The next four fastest boats in each semi, plus the fastest remaining boat advanced to the B final.

====Semifinal 1====

| Rank | Kayaker | Country | Time | Notes |
|---|---|---|---|---|
| 1 | Andrey Kraitor | Russia | 38.540 | QA, GB |
| 2 | Artsem Kozyr | Belarus | 38.648 | QA |
| 3 | Martin Fuksa | Czech Republic | 38.658 | QA |
| 4 | Zaza Nadiradze | Georgia | 39.111 | QB |
| 5 | Andrzej Jezierski | Ireland | 40.277 | QB |
| 6 | Chris Calvert | Great Britain | 40.816 | QB |
| 7 | Tomasz Kaczor | Poland | 41.266 | QB |
| 8 | Sergiu Craciun | Italy | 44.784 |  |
| 9 | Kerim Tenha | Turkey | 46.760 |  |

====Semifinal 2====

| Rank | Kayaker | Country | Time | Notes |
|---|---|---|---|---|
| 1 | Henrikas Žustautas | Lithuania | 38.737 | QA |
| 2 | Thomas Simart | France | 38.780 | QA |
| 3 | Yuriy Cheban | Ukraine | 38.790 | QA |
| 4 | Alfonso Benavides | Spain | 38.984 | QB |
| 5 | Oleg Tarnovschi | Moldova | 39.630 | QB |
| 6 | Stefan Kiraj | Germany | 40.012 | QB |
| 7 | Miķelis Ežmalis | Latvia | 40.547 | QB |
| 8 | Ľubomír Hagara | Slovakia | 40.695 | qB |

===Finals===

====Final B====
Competitors in this final raced for positions 10 to 18.

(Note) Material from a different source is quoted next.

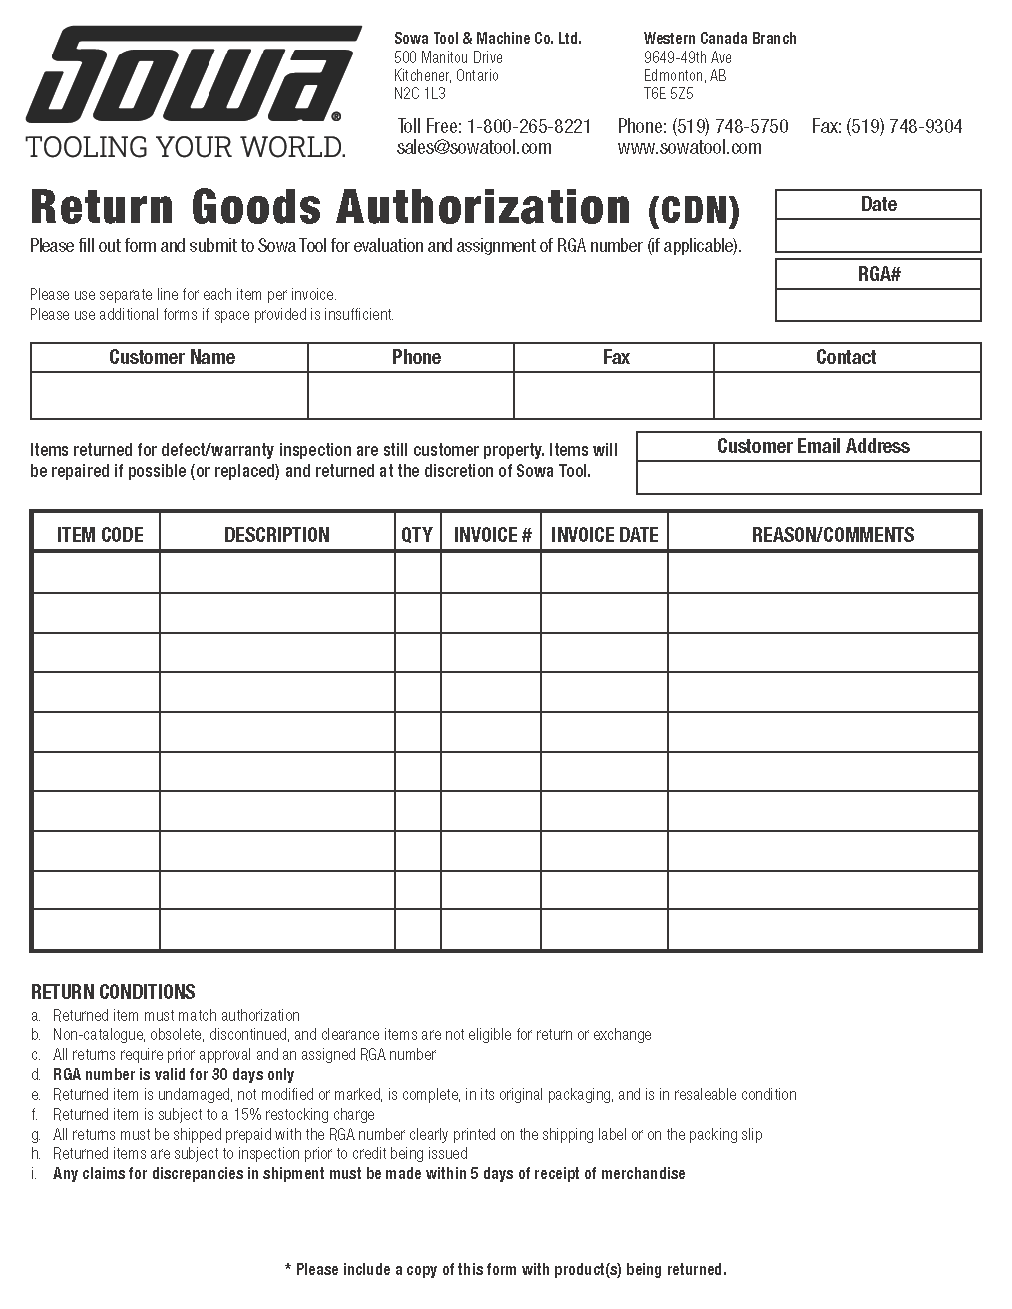 Return Goods Form (RGA)

| Rank | Kayaker | Country | Time |
|---|---|---|---|
| 1 | Alfonso Benavides | Spain | 40.833 |
| 2 | Zaza Nadiradze | Georgia | 41.131 |
| 3 | Stefan Kiraj | Germany | 41.516 |
| 4 | Andrzej Jezierski | Ireland | 42.244 |
| 5 | Oleg Tarnovschi | Moldova | 42.473 |
| 6 | Ľubomír Hagara | Slovakia | 42.507 |
| 7 | Tomasz Kaczor | Poland | 42.962 |
| 8 | Chris Calvert | Great Britain | 43.341 |
| 9 | Miķelis Ežmalis | Latvia | 43.736 |

====Final A====
Competitors in this final raced for positions 1 to 9, with medals going to the top three.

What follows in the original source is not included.